Some of you will have been following the controversy about Michael Gove’s (the education secretary) ideas about the curriculum for primary and secondary education. Some of this has to do with how maths is taught and what it’s for.
There appear to be two views about education: one that it is designed to equip people to operate in the world. So you teach people how to hew wood and draw water, so they will be efficient and effective wood-hewers and water-drawers and increase the country’s GNP and so on; the other that it teaches people to think, so they suggest maybe we could have an aqueduct.
And maths can be seen as a set of tools in your toolbox, to tell you how much wood to hew and water to draw, or even how to set up the aqueduct at the correct angle and flow rate. Or it can be seen as a philosophy, a way of thinking about the world. Or even an art form, an occupation that is a human pleasure and delight and not necessarily for anything.

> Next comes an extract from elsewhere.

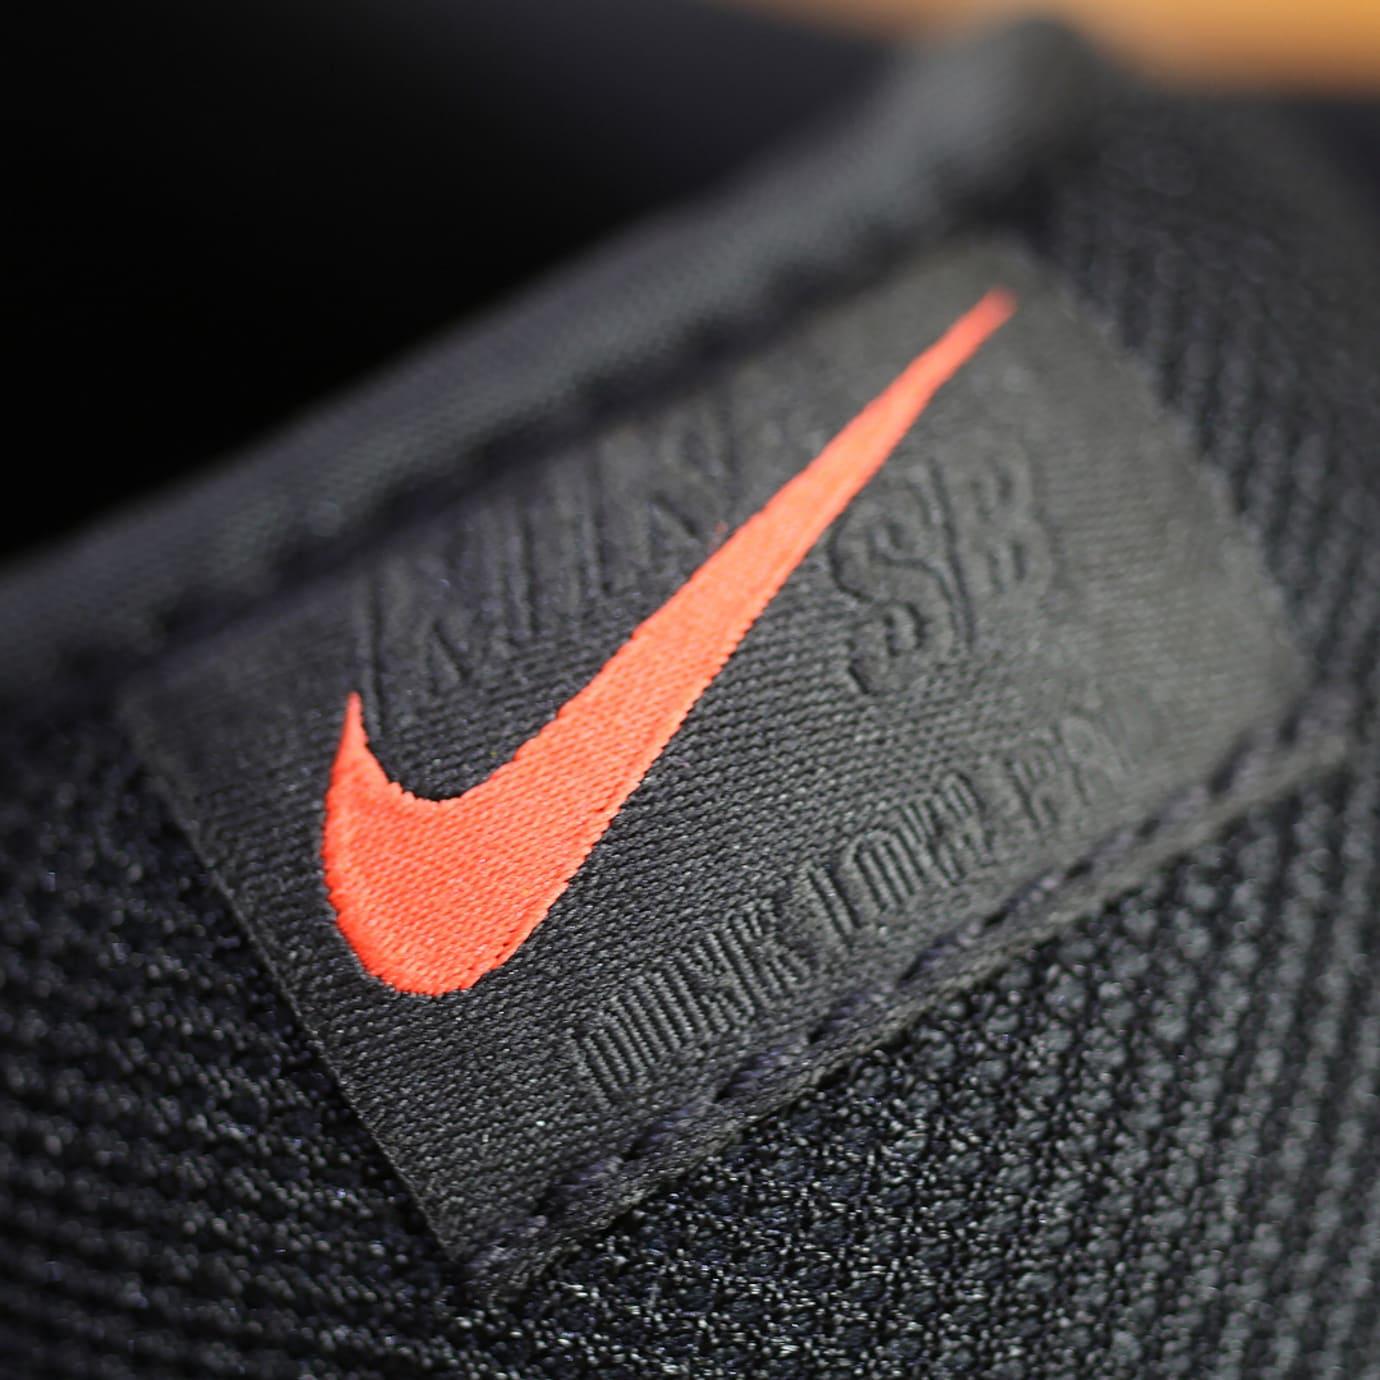 Nike SB Dunk Low Black Pigeon Release Date 88323-008 (11)
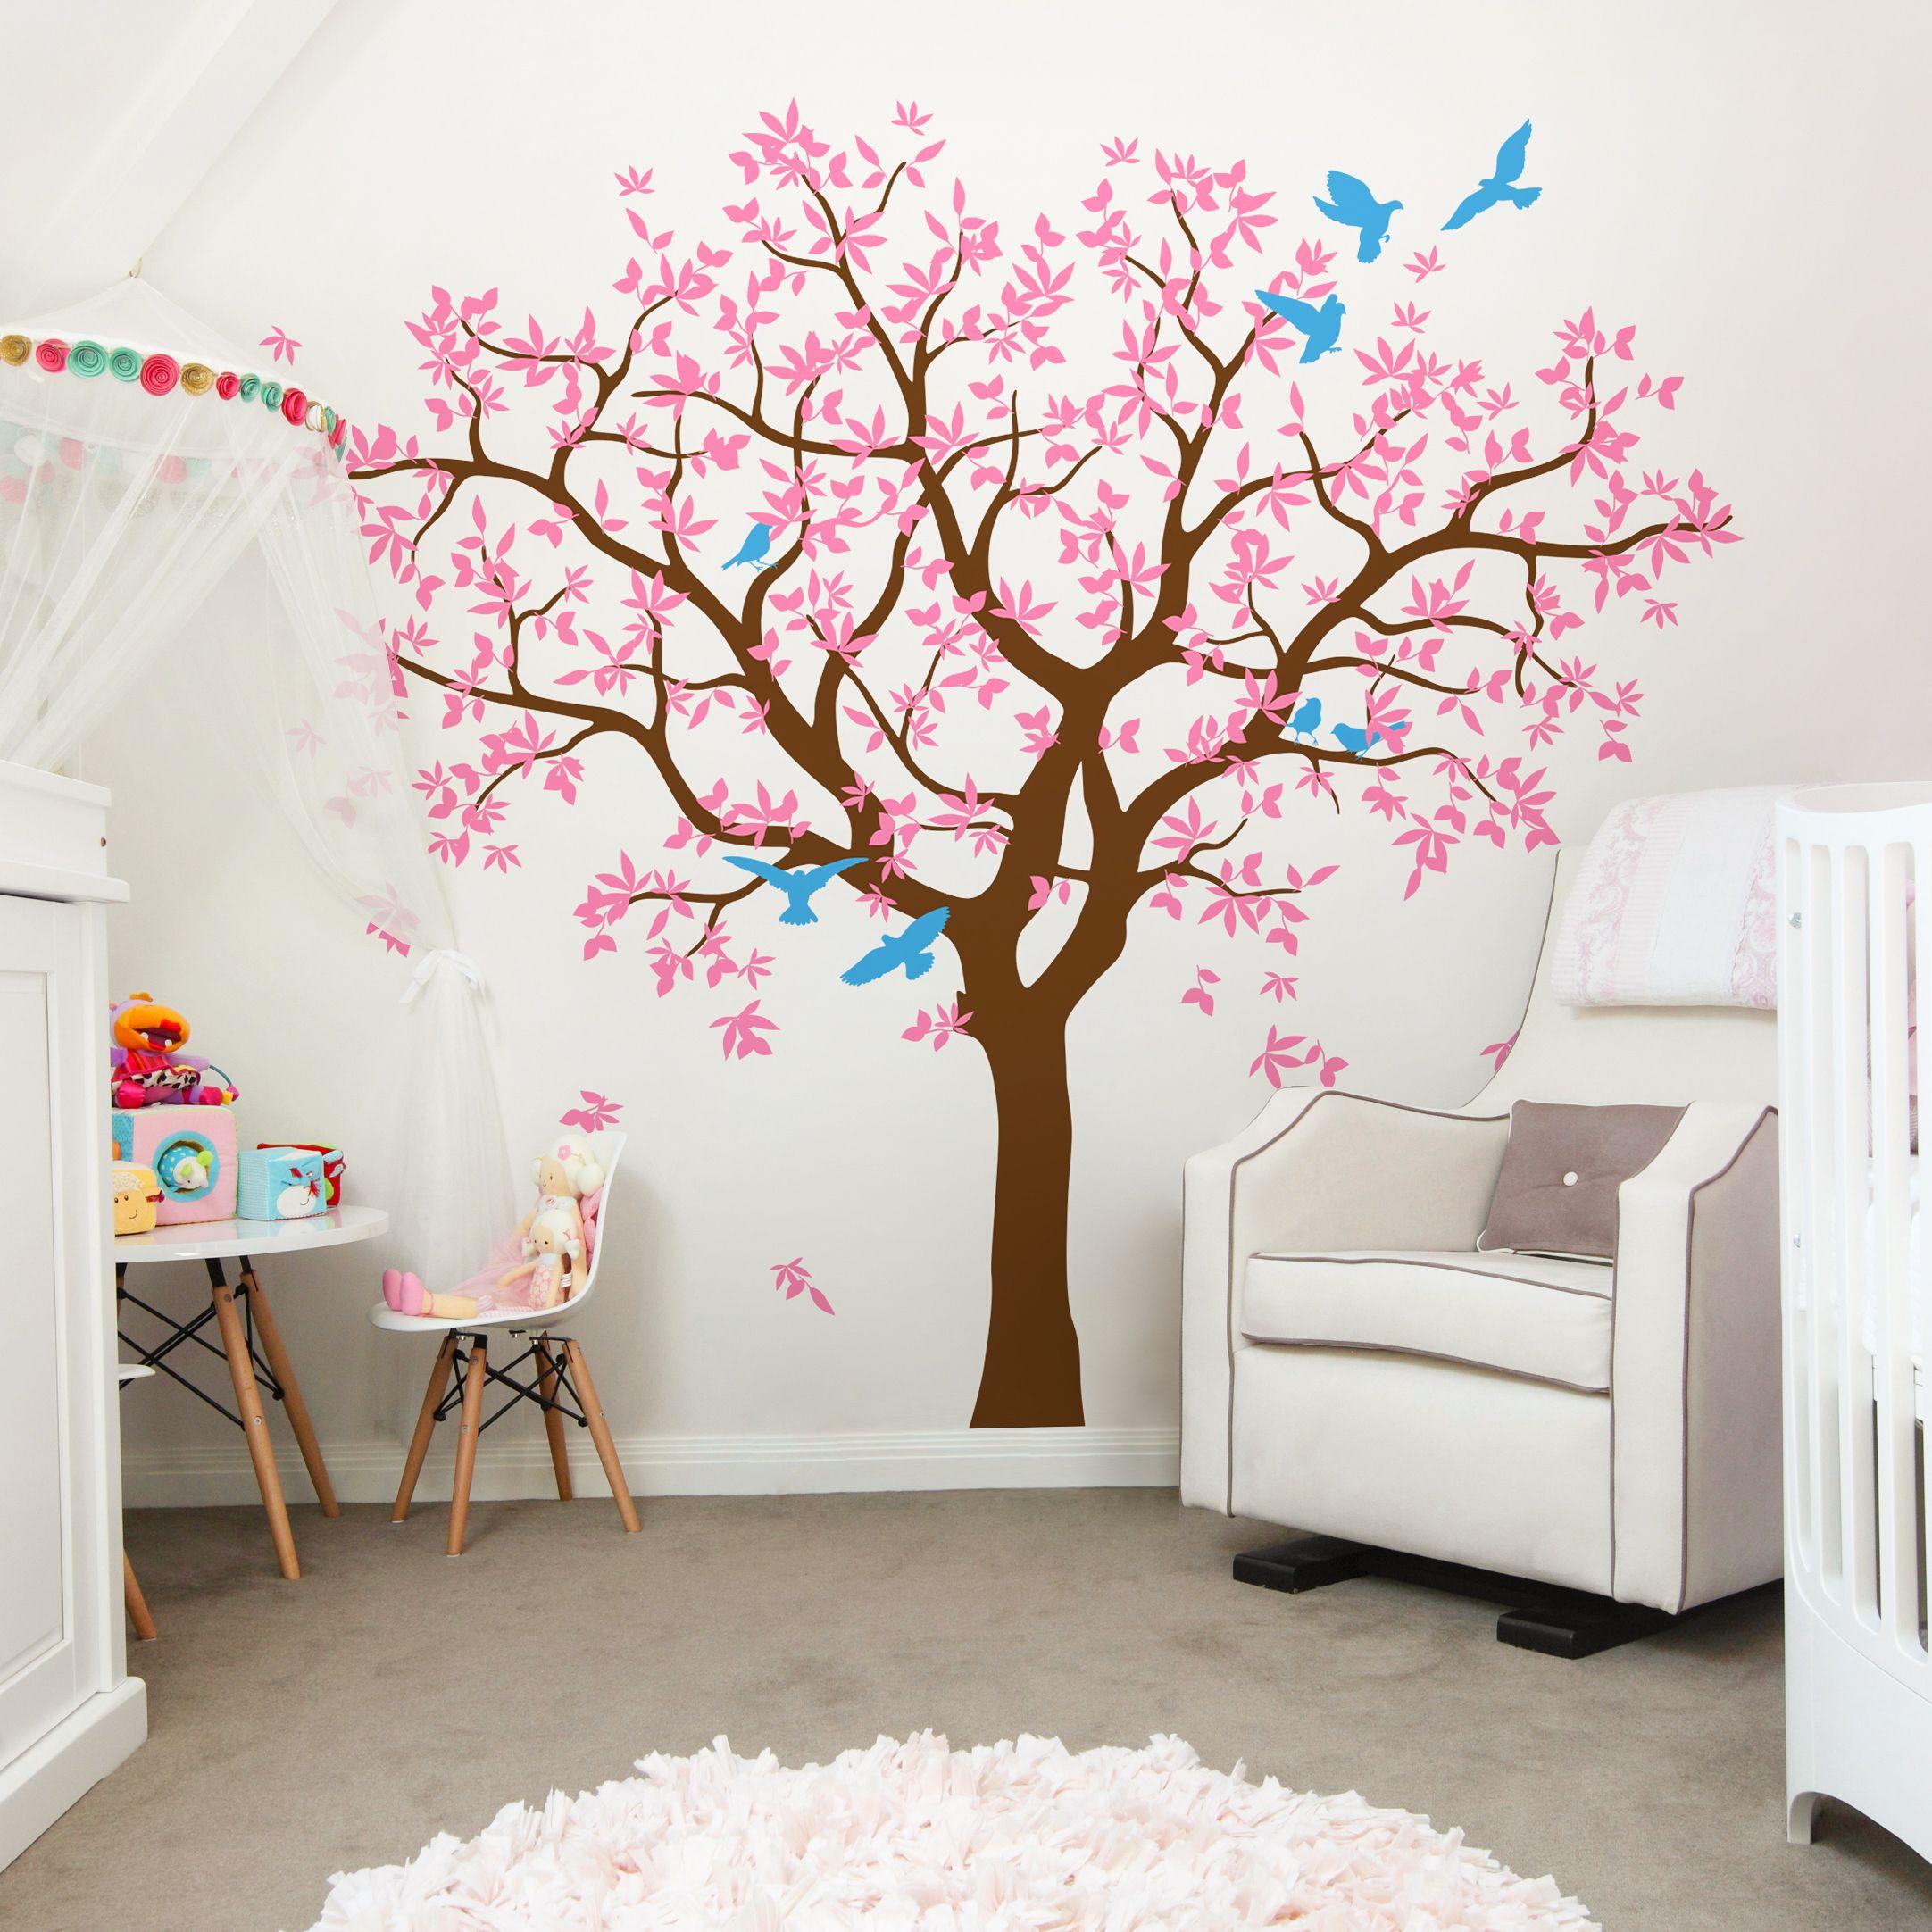 Pink Tree Wall Decal Tree Kidroom Family Decal Deaign

One of the thing that concerns me about interface design is that sometimes, it is a series of incremental improvements to make things easier, rather than a question as to whether the thing that is being done is worth doing at all. Yes, I know, that it is seen as a luxury. firstly, there are the bills to pay and the food to cook (and the wood to hew and the water to draw). But occasionally, if you have the time, ask yourself if there is something of delight in what you are doing. If so, it is probably worth it.